1. Selecciona-se uma molécula de DNA dadora, contendo o

gene com interesse que se pretende transferir e clonar, e
um vector adequado.
2. A molécula de DNA e o vector são tratados com a mesma
enzima de restrição, que corta as duas moléculas em
regiões com a mesma sequência de nucleótidos.
3. Misturam-se os fragmentos de restrição da molécula de
DNA e o vector e juntam-se ligases do DNA. O vector e os
fragmentos de restrição emparelham pelas extremidades
coesivas, que são complementares, e a ligase estabelece
a ligação.
4. O vector, contendo o DNA dador, é transferido para uma
célula ou organismo receptor.
5. O DNA dador é incorporado no genoma da célula ou
organismo receptor, que passa a possuir um DNA
recombinante.
6. Um meio selectivo ou testes químicos permitem
identificar as células que exprimem o gene desejado. No
processo descrito formam-se fragmentos de restrição que
não têm o gene desejado e nem todas as células
receptoras incorporam o DNA dador.

DNA Complementar - DNAc

• Os procariontes são organismos muito utilizados em

Engenharia Genética como receptores de DNA estranho porque
são fáceis de cultivar, têm um crescimento rápido e processos
bioquímicos bem conhecidos.

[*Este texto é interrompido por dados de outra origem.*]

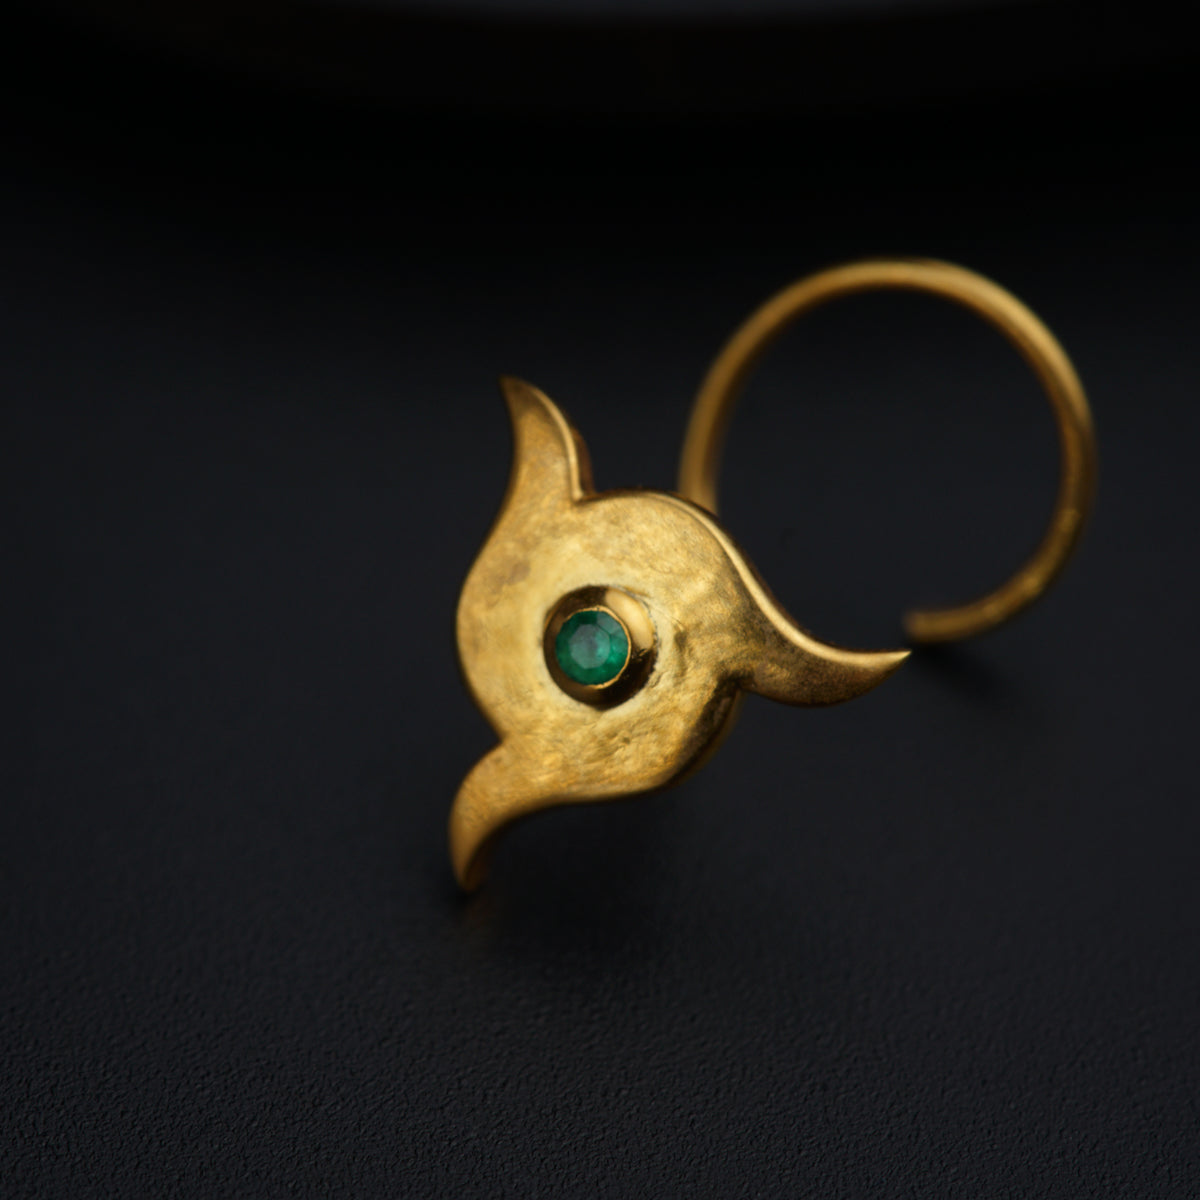 a close up of a gold ring with a green stone

No entanto, não processam o
RNAm e, quando recebem genes com intrões, estes não são
retirados e a proteína produzida não é funcional.
• DNA complementar (DNAc) – molécula de DNA sem intrões
que é directamente transcrita numa molécula de RNAm
funcional. O processo de obtenção de DNAc é o seguinte:

1. Isola-se uma molécula RNAm funcional das células.

2. Adiciona-se transcriptase reversa e nucleótidos
livres. A transcriptase reversa catalisa a síntese de
uma cadeia simples de DNA a partir de um molde
de RNAm.
3. Junta-se uma enzima que degrada o RNAm que
serviu de molde e DNA polimerase que catalisa a
formação da cadeia complementar do DNA.

• O DNAc pode ser inserido através de um vector contendo o

promotor e sequências reguladoras.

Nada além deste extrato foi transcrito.